Hezbollah lanzó más de 200 cohetes desde Líbano contra Israel entre ayer y hoy, sumándose ataques iraníes con misiles, aunque no hubo víctimas porque los proyectiles fueron interceptados o cayeron en áreas abiertas.
El periodista Marcelo Kicilevsky, desde Israel, informó que el gabinete se reúne para decidir respuestas y el ejército traslada la unidad Golani desde Gaza al norte, ante el umbral de más de 100 cohetes diarios que históricamente activa operativos a gran escala. Israel responde con despliegues defensivos y ataques aéreos en el sur de Líbano, Beirut y Irán.
Irán escaló atacando al menos cuatro barcos en el Estrecho de Hormuz con minas, donde EE.UU. hundió colocaminas, pero el control total es difícil; el precio del petróleo supera los 100 dólares el barril.
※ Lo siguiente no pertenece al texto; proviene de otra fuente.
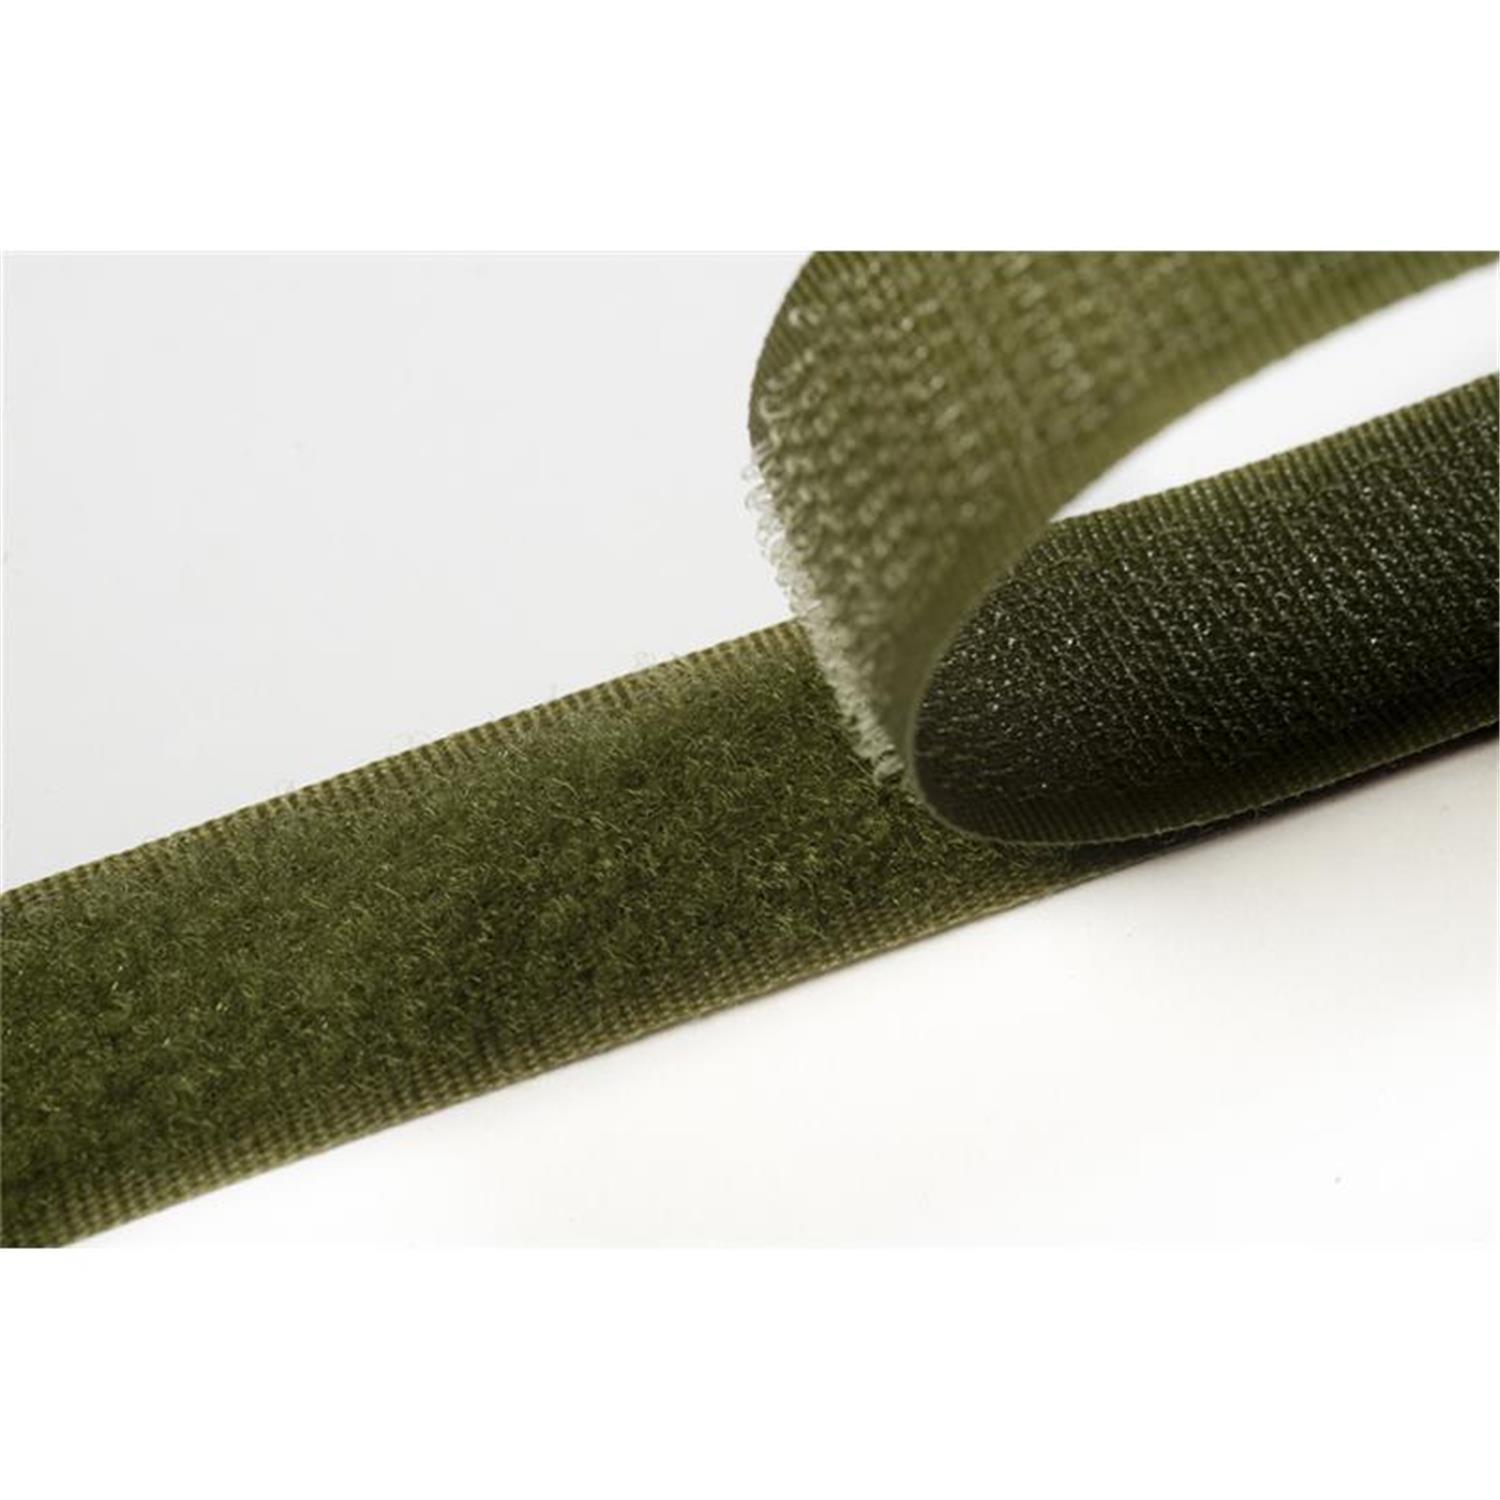 Klettband zum aufnähen, 50 mm, olivgrün #09 4 Meter

Kicilevsky criticó la actitud temeraria y suicida de Irán, que amenaza terminar la guerra.
Se reportaron al menos 8 muertos y 31 heridos en un ataque israelí en Beirut, incluyendo un sacerdote maronita, con destrucción de edificios de Hezbollah y la Guardia Revolucionaria iraní. Donald Trump zigzaguea en declaraciones para manejar expectativas y precios del petróleo.
El Papa León XIV expresó solidaridad por la muerte del sacerdote, en un contexto de guerra donde Hezbollah obedece a su financiador Irán.